● How to complete this task:
Leaving the pictures aside, reproduce the data in full and word for word.

● Supplied material:
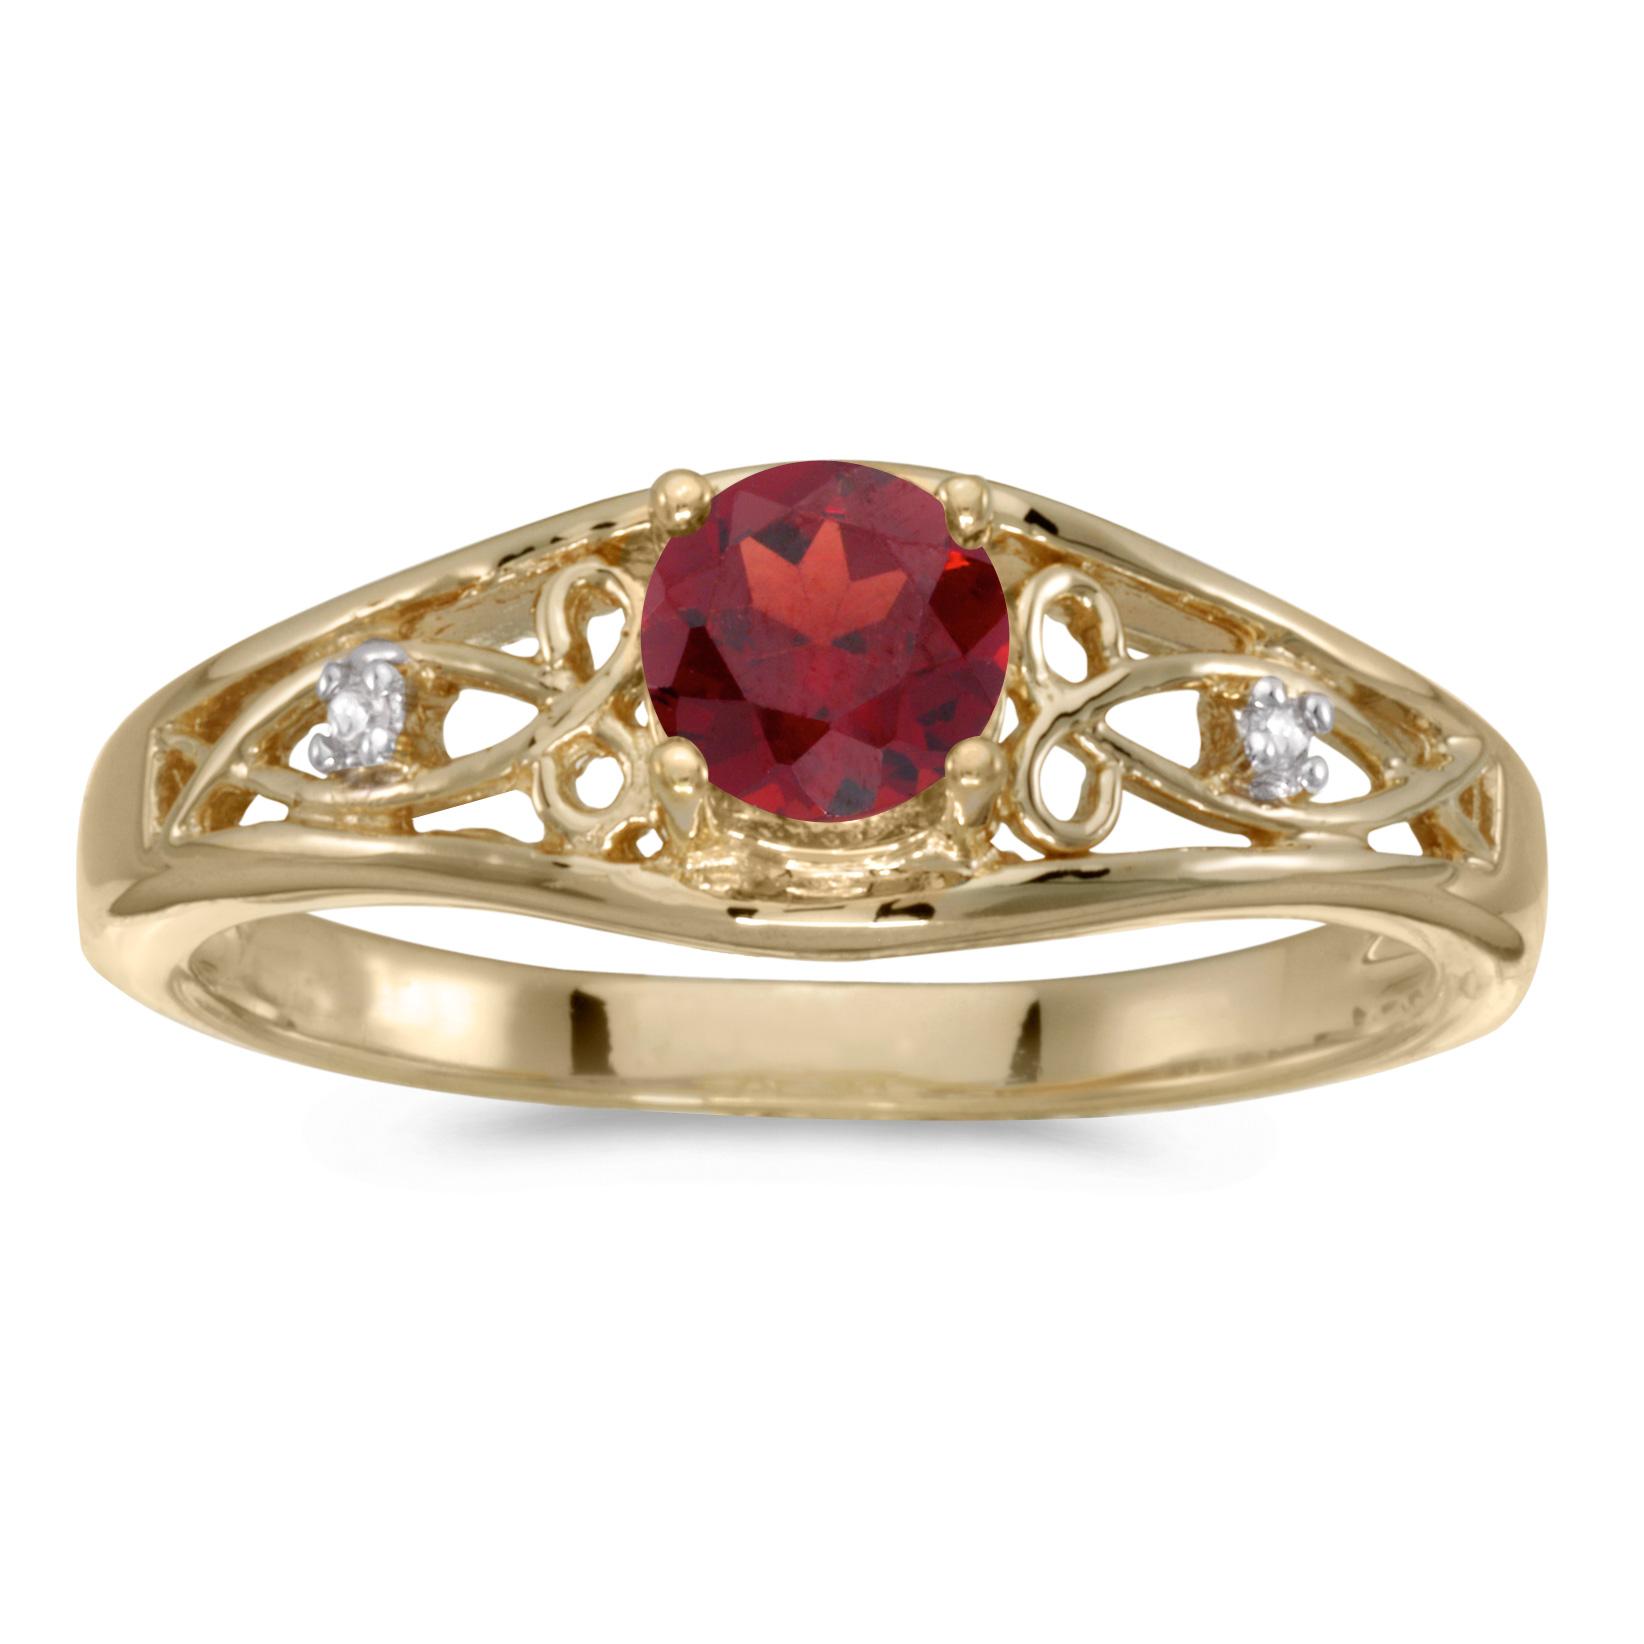 10k Yellow Gold Round Garnet And Diamond Ring by
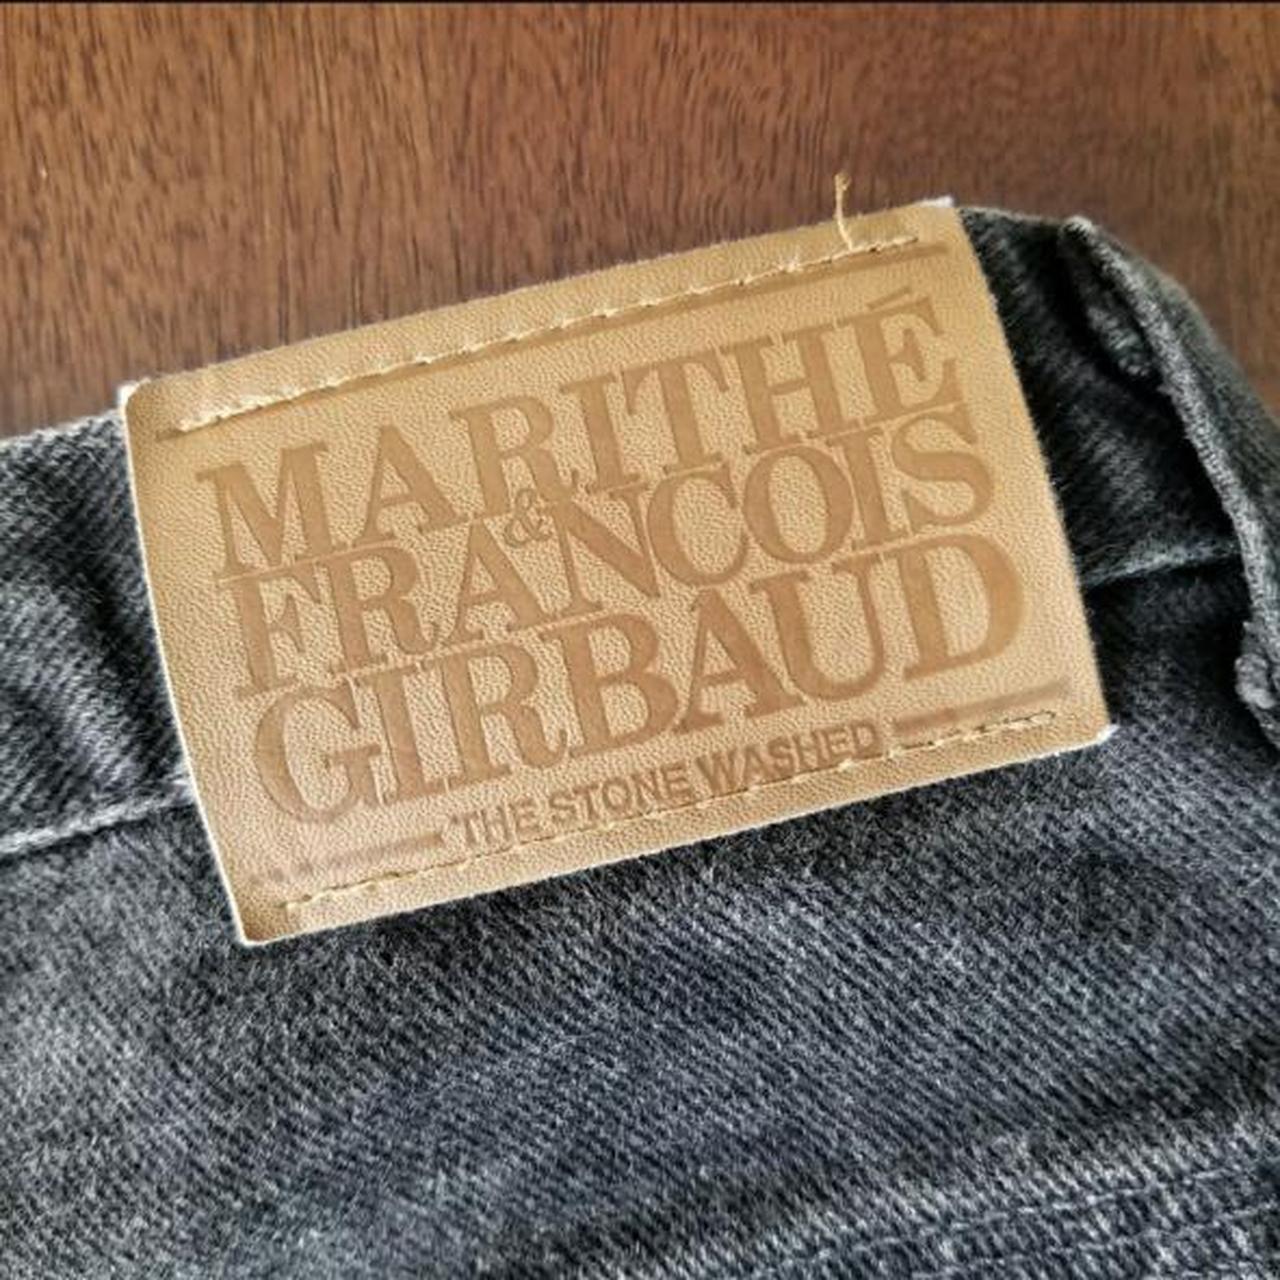 Product Image 1 - VTG MARITHE FRANCOIS GIRBAUD BLACK
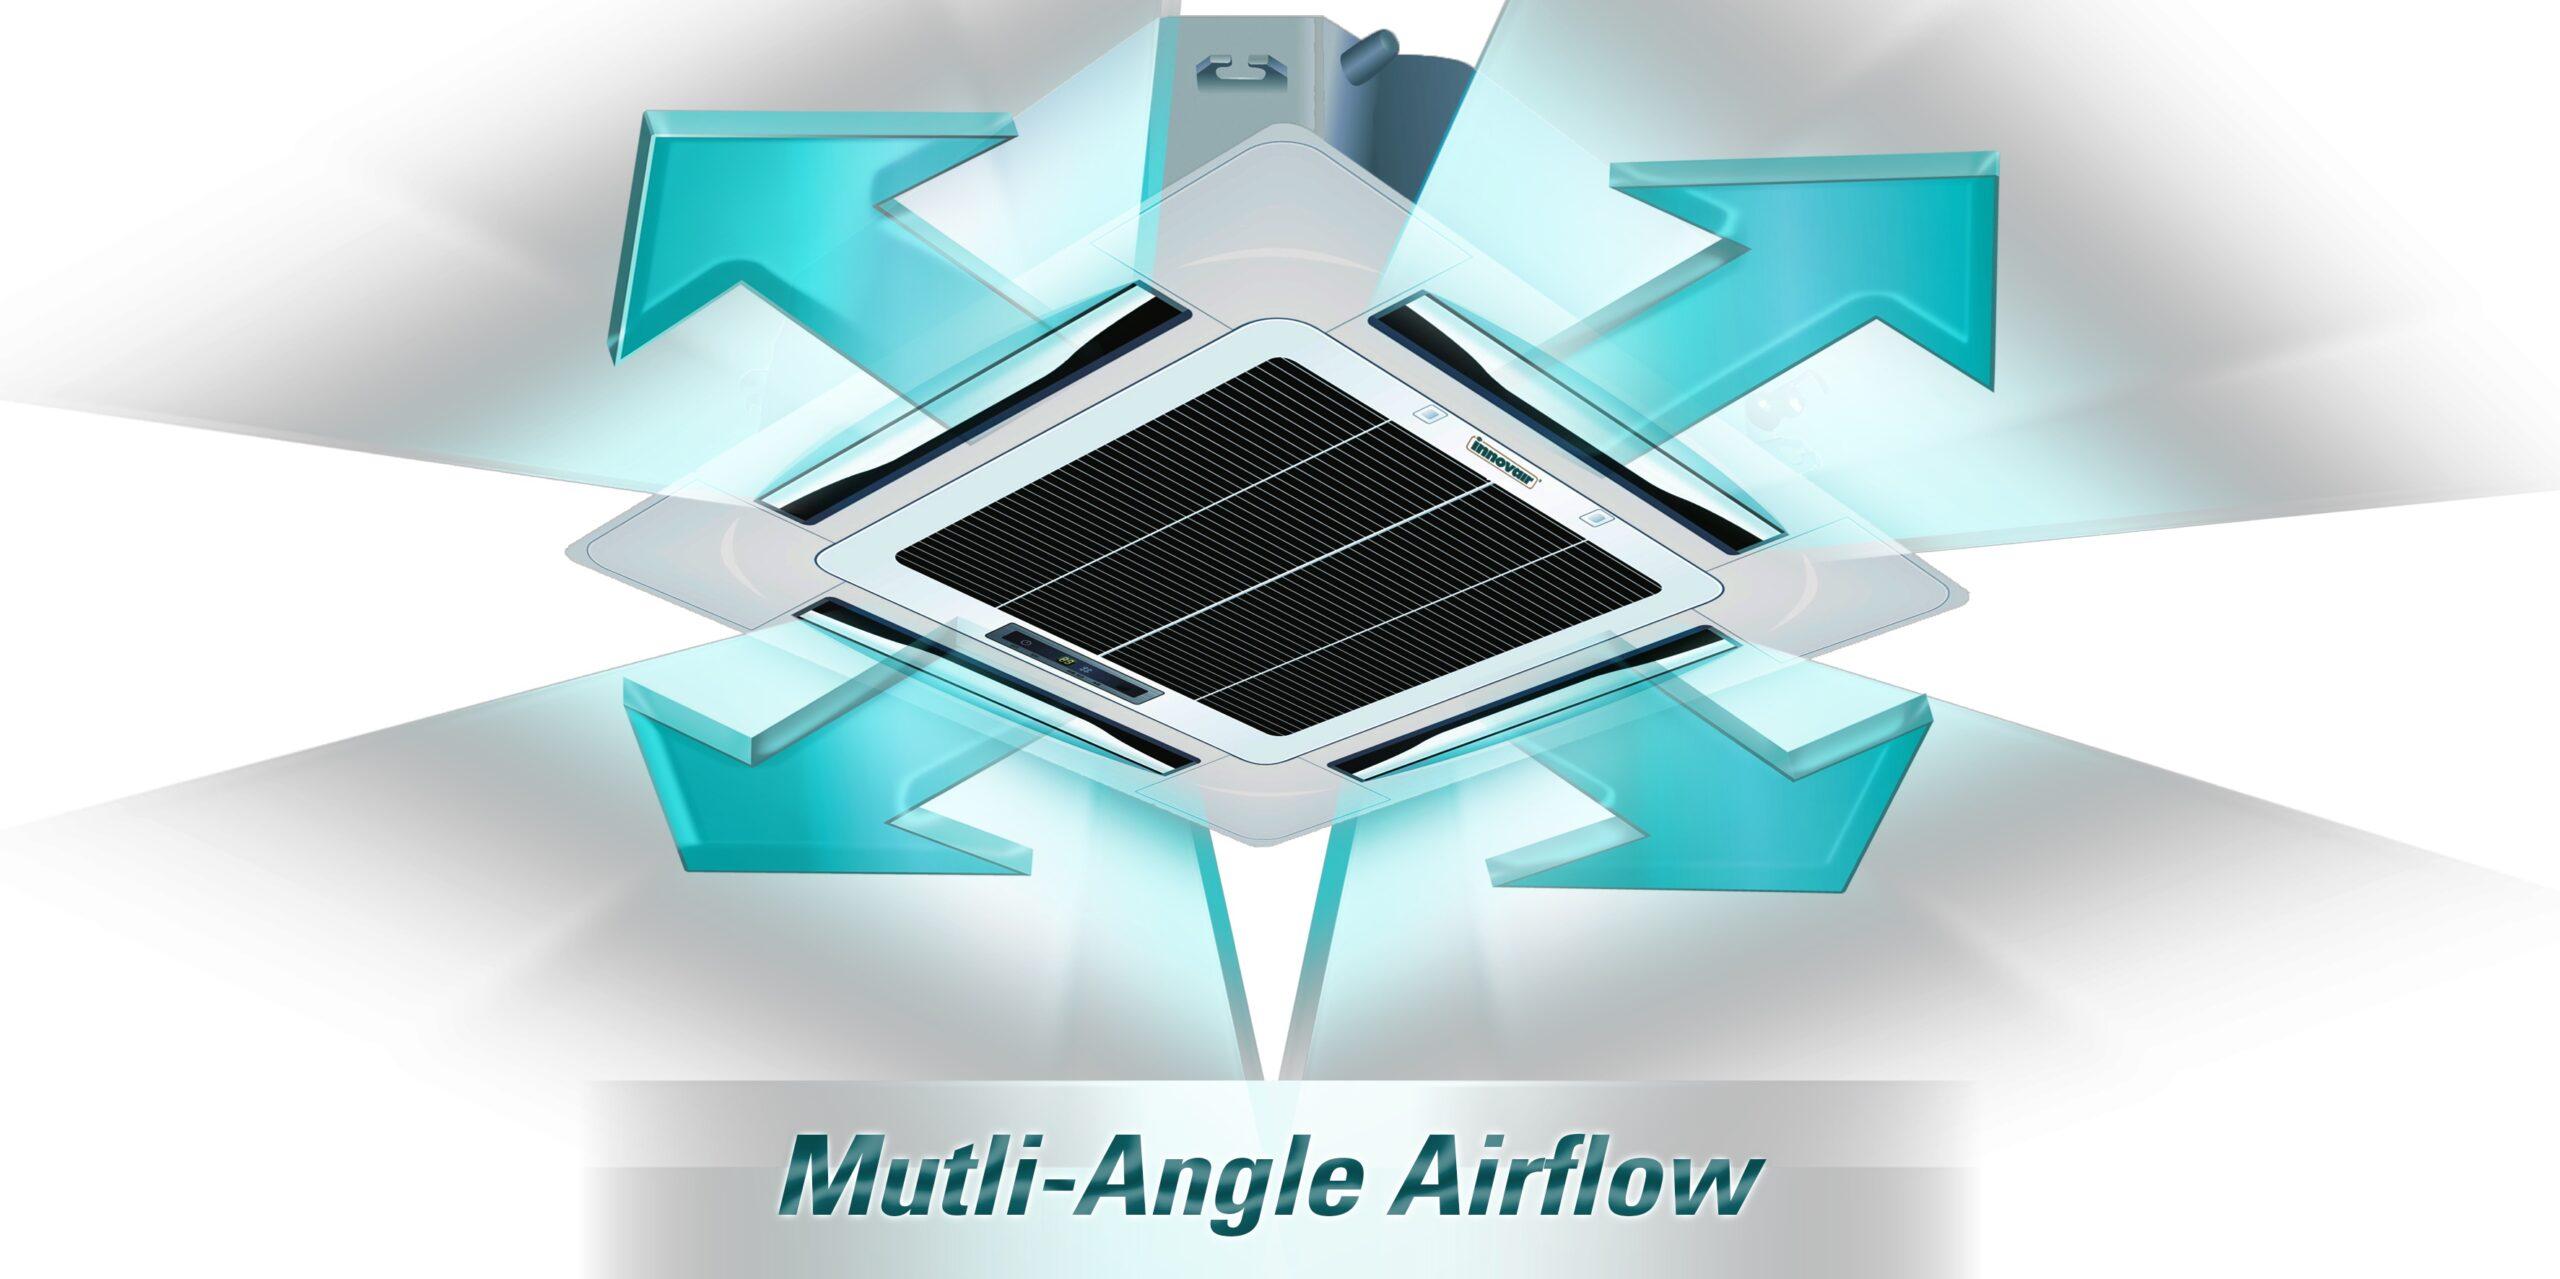 Multi-angle Airflow
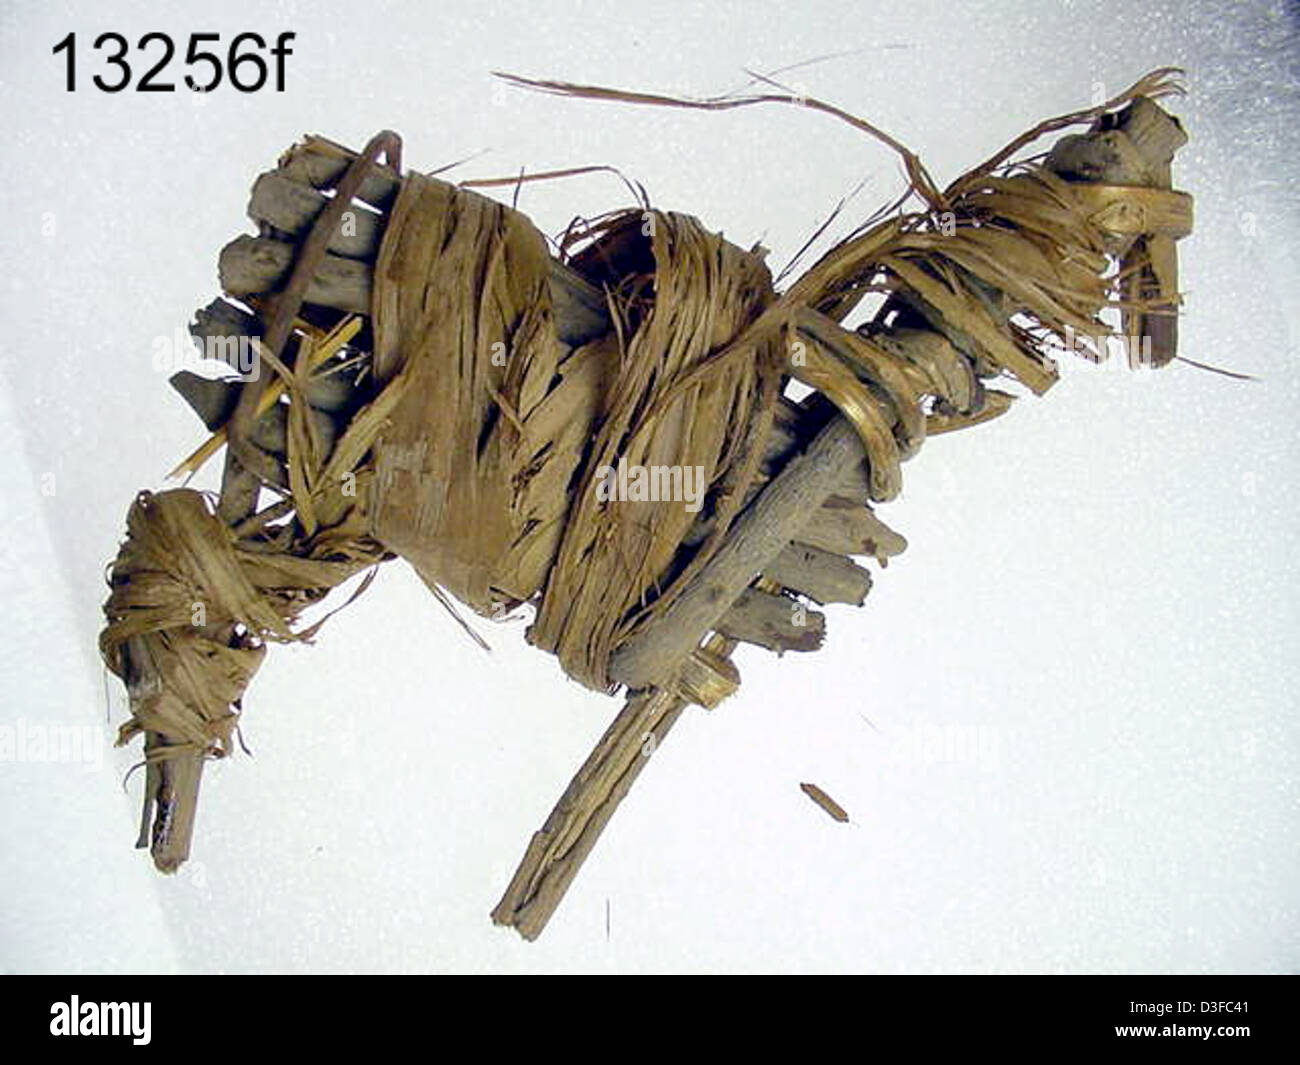 13256f Grand Canyon_Split-Twig Figurine - Stock Image

● Result:
 10k Yellow Gold Round Garnet And Diamond Ring by
 Product Image 1 - VTG MARITHE FRANCOIS GIRBAUD BLACK
 Multi-angle Airflow
 13256f Grand Canyon_Split-Twig Figurine - Stock Image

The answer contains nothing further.